Classic Metal Works (CMW) cars are spot on, with high quality, but you can easily spend a LOT of money on them if you don't shop carefully. :eyes:
One of the best bargains out there is a group of cars known as "Fresh Cherries". They can be found on eBay and from other suppliers via Google. They're decent quality, true to scale, and reasonable. 
My 10'X10' layout has over 125 vehicles on the roads and in the driveways that I've bought over the last 3+ years. I've never done the math because I don't enjoy hitting the floor in a dead faint. 
Lots of "onesies" and "twosies" have been purchased on eBay. If you go that route ALWAYS try to buy multiple vehicles from the seller to get combined shipping.


----------



## KAL5 (Sep 4, 2011)

True most of the Chinese cars are smaller but there was a seller from china that had the cars that where the 1/87 scale in size. I wanted them to add to buildings I sell on ebay as a little extra to go along. 
I like you on my Layout have a lot of the high $$ cars. And I have a Junk yard with all true HO scale damaged cars.
Why is it you can buy a Hot wheels car for a $1.00 but True HO start at like $3.00 and up


----------



## mopac (Feb 24, 2011)

Hot wheels are 1/64 and work great with S scale. Hotwheels has some good looking cars like you said for a buck. Alot less than our HO scale cars. I'll ask why also.


----------



## spoil9 (Dec 24, 2008)

Because one is a "toy" and one is a "model". You pay extra for the title of owning a "scale model" instead of just a "kids toy".
Might have to do with being able to push out the lower detailed hotwheels in larger bulk.


----------



## Old_Hobo (Feb 20, 2014)

Pure volume is the answer....Hot Wheels puts out MILLIONS of cars every year, in not that detailed die-cast metal. HO scale cars are usually plastic, but can be die-cast, with a lot more detail and produced in way smaller numbers.......


----------



## Old_Hobo (Feb 20, 2014)

Speaking about Hot Wheels, look what I got; an H.O. Scale 1966 TV Show Batmobile, by Hot Wheels.
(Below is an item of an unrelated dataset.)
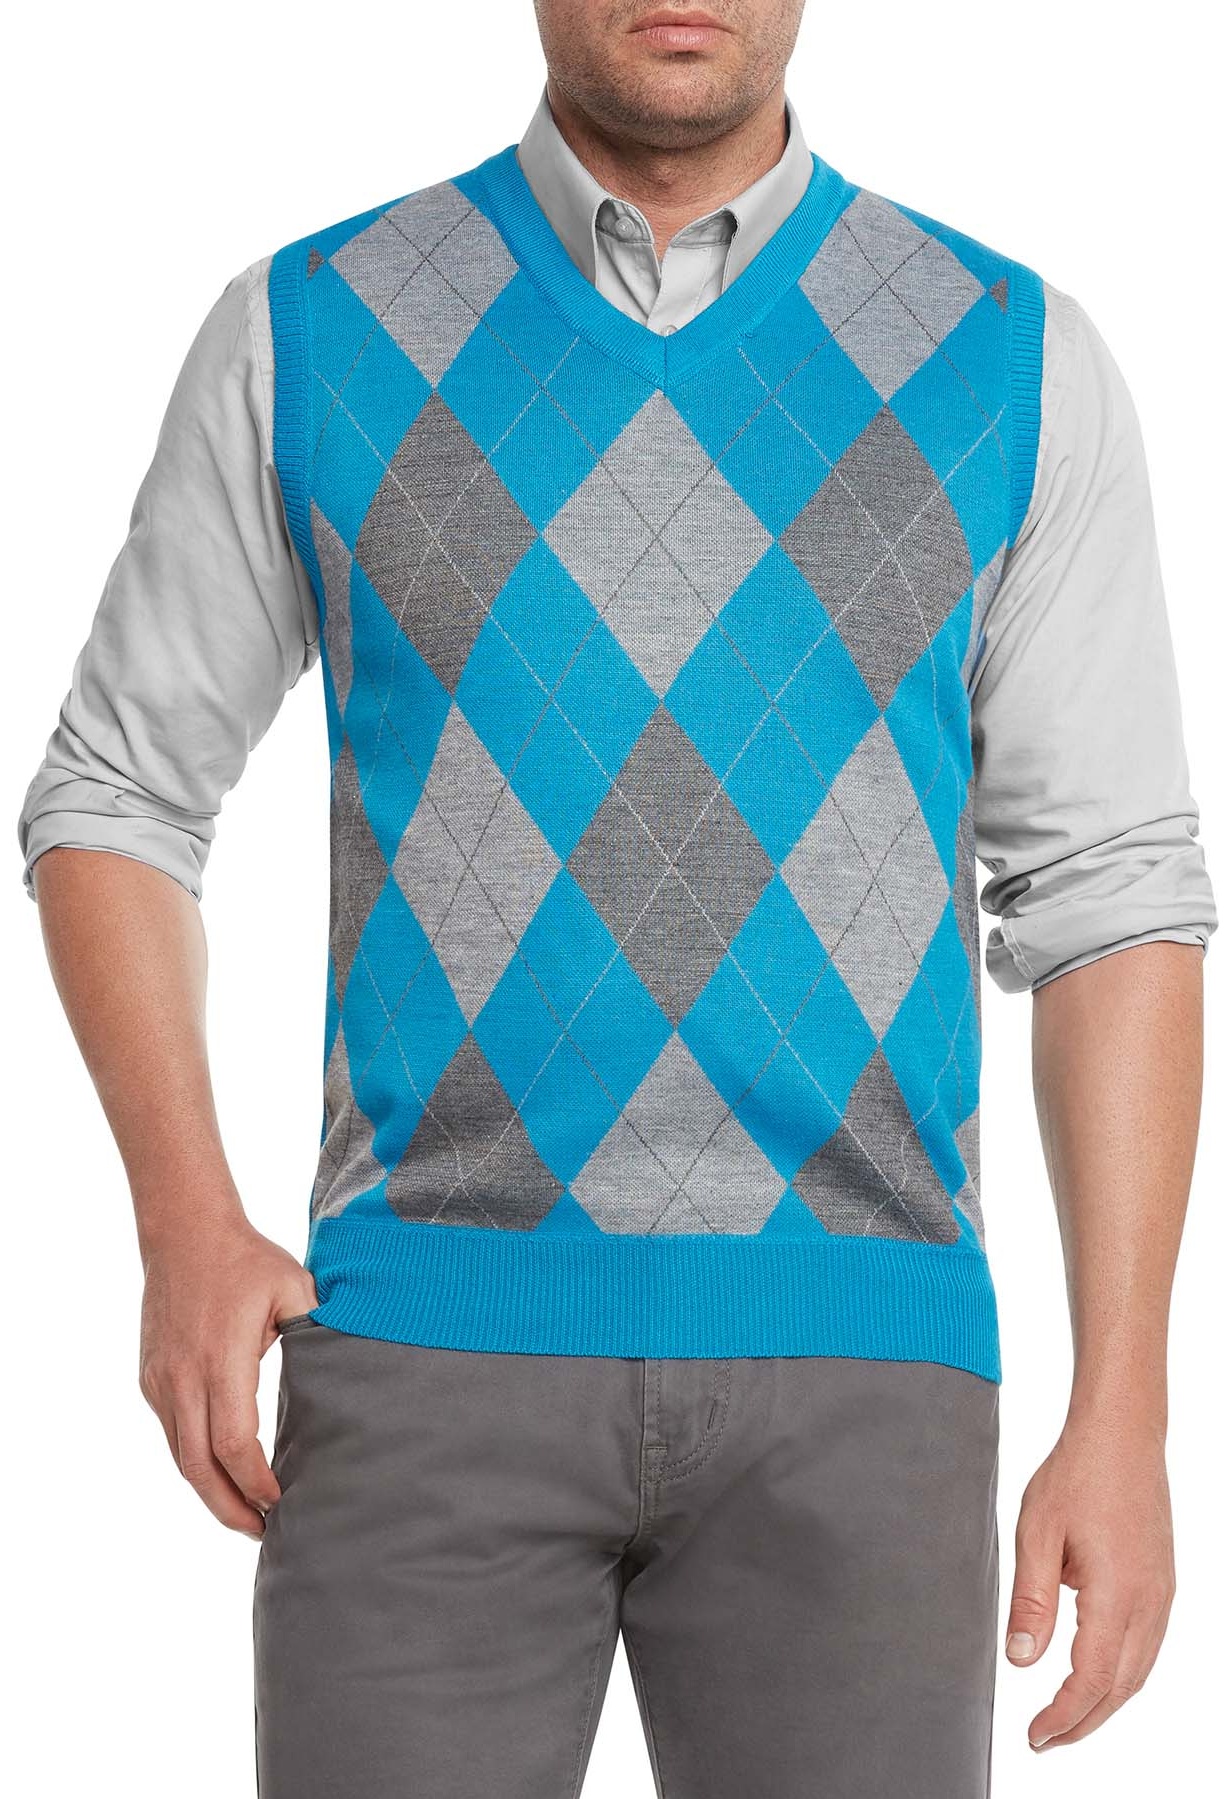 True Rock Men's Argyle V-Neck Sweater Vest (Turquoise/Gray, X-Large) - image 1 of 4

It was mixed in the original box/case with an assortment of "normal" 1/87 vehilces; apparently it's hard to find....


----------



## Magic (Jan 28, 2014)

You must be in Australia. 

I new the guy that built that car, George Bariss, my brother use to do some paint work for him. George did the Munsters and Beverly Hillbillies cars as well. My brother painted the Munsters car.

Magic


----------



## raleets (Jan 2, 2011)

Can't recall ever seeing a Hot Wheels box marked 1:87. At least not around here.


----------



## Big Ed (Jun 16, 2009)

I anchored off Sandy Hook NJ and was snorkeling around the surf line.
I stood up on a sand bar and stepped on something,I thought it was a sea shell.

Look what I came up with. :thumbsup:
It was encased in barnacles but I could make out the shape of the Batman car.

I cleaned it up and Batman & Robin were still sitting in it. :smilie_daumenpos:


----------